Capital Economics, meanwhile, warned that if Trump is unwilling to make deals with US trade partners, the stock market rout would soon be followed by a "collapse in household and business confidence."

The UK-based economic research house warned that US inflation could rise above 5% and that the recession would worsen if the US Congress "fails to pass timely fiscal stimulus because of Republican infighting."

US Federal Reserve boss Jerome Powell last week warned the tariffs would likely cause US inflation to rise and growth to slow. He also mentioned an "elevated" risk of higher unemployment. 

Markets are now betting that Powell will soon announce US rate cuts earlier than previously expected.

Trump's tariffs are widely expected to hinder China's economy, by disrupting export activities and causing substantial market volatility.

Beijing is expected to implement monetary and fiscal measures to offset the additional tariff and the People's Daily, the Communist Party's mouthpiece newspaper, tried to reassure Chinese readers that "the sky won't fall...  even if the US tariffs have an impact."
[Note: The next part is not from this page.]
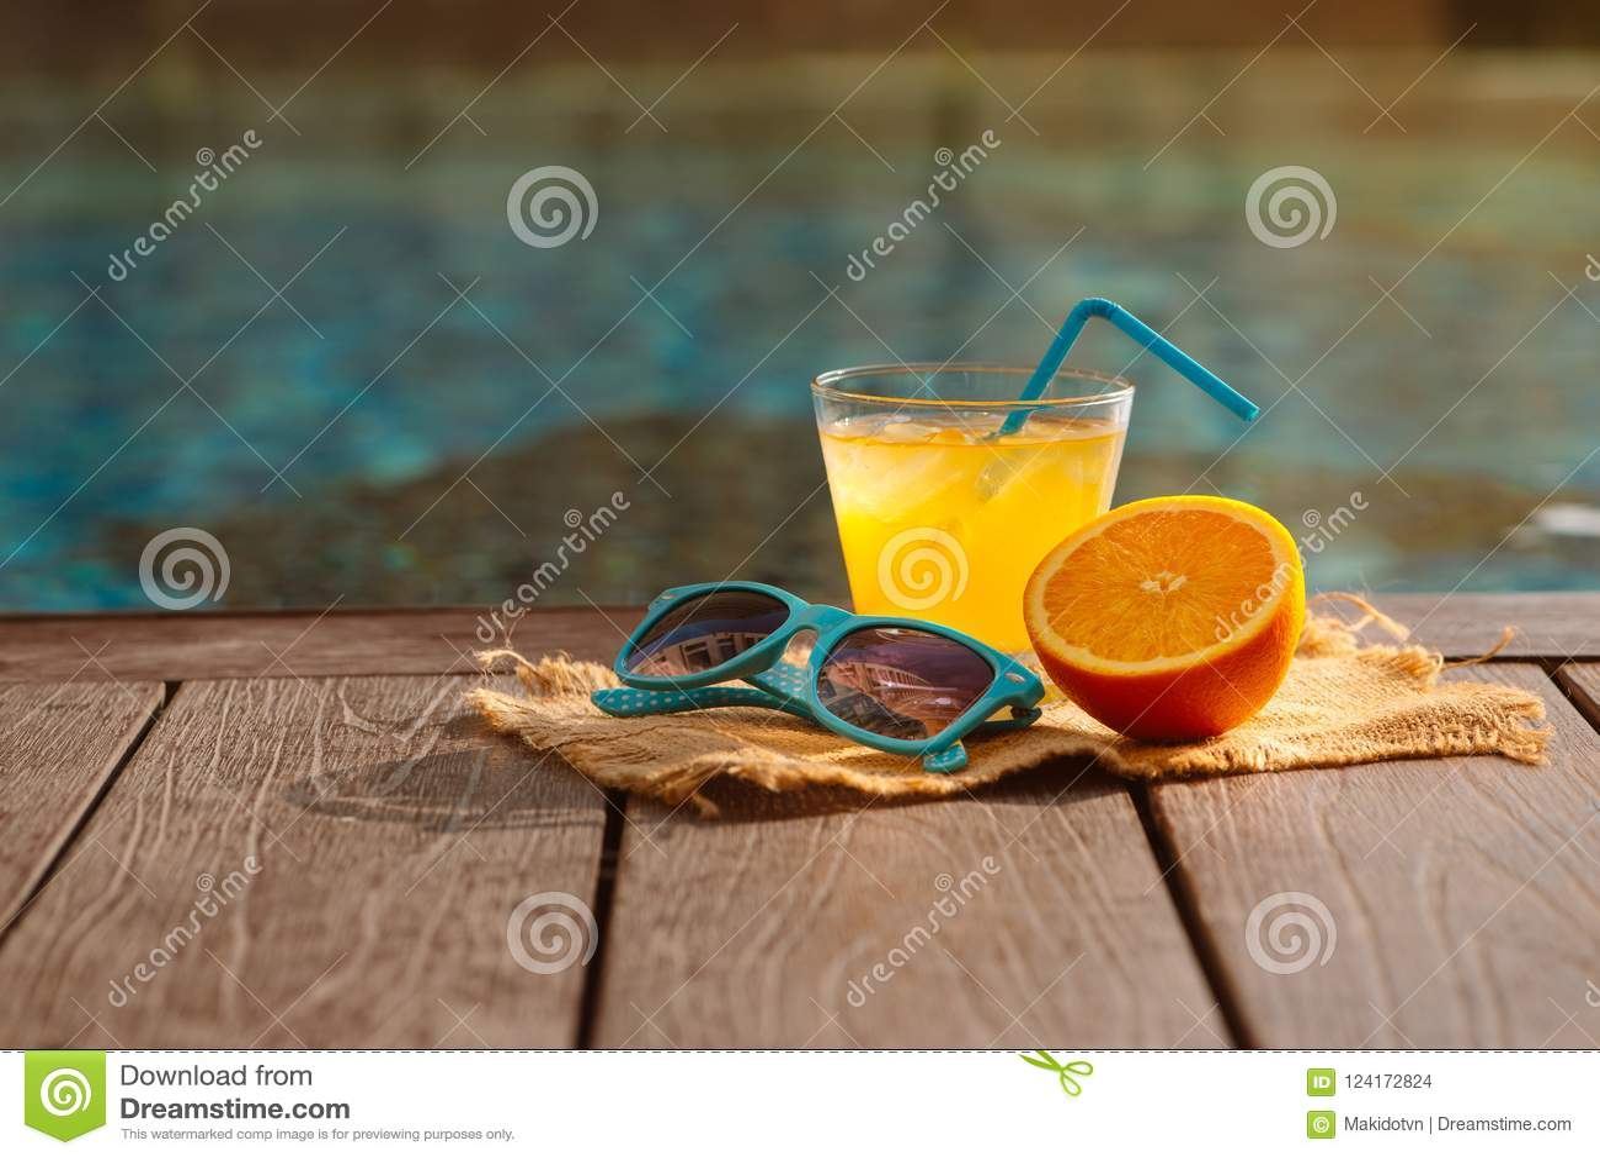 橙色新汁液圆滑的人饮料,太阳镜临近游泳池

China's Foreign Ministry on Monday criticised Trump's tariffs as "economic bullying" and "inconsistent with international trade rules," urging the US to resolve trade tensions in a mutually beneficial way.

Foreign Ministry spokesperson Lin Jian refused to say whether Chinese President Xi Jinping would seek talks with Trump to resolve the trade war.

Trump has ruled out a deal with China until the US trade deficit with the world's second-largest economy is resolved. The Trump administration has defended the punitive tariffs as necessary for correcting imbalances between the US and its major trading partners.

Goldman Sachs said in a report Sunday that it had planned to upgrade its growth forecast for China before Trump's tariffs were announced. Goldman said the new levies would lower Chinese GDP growth by at least 0.7 percentage points this year.

Kaiyuan Securities said it expects the tariffs could slash Chinese exports to the US by almost a third, cut overall exports by more than 4.5%, and drag economic growth by 1.3 percentage points.

Cochrane from Moody's Analytics warned that China would certainly feel economic pain "because demand for its goods will be hit even harder [than the US]."

Deutsche Bank noted how China has gone from manufacturing 5% of global goods to 32% in thirty years while US-produced goods have fallen by more than a third to 15%.

The US exported $144.6 billion (€132 billion) in goods to China in 2024, much less than the $439.7 billion it imported, China's Commerce Department data showed.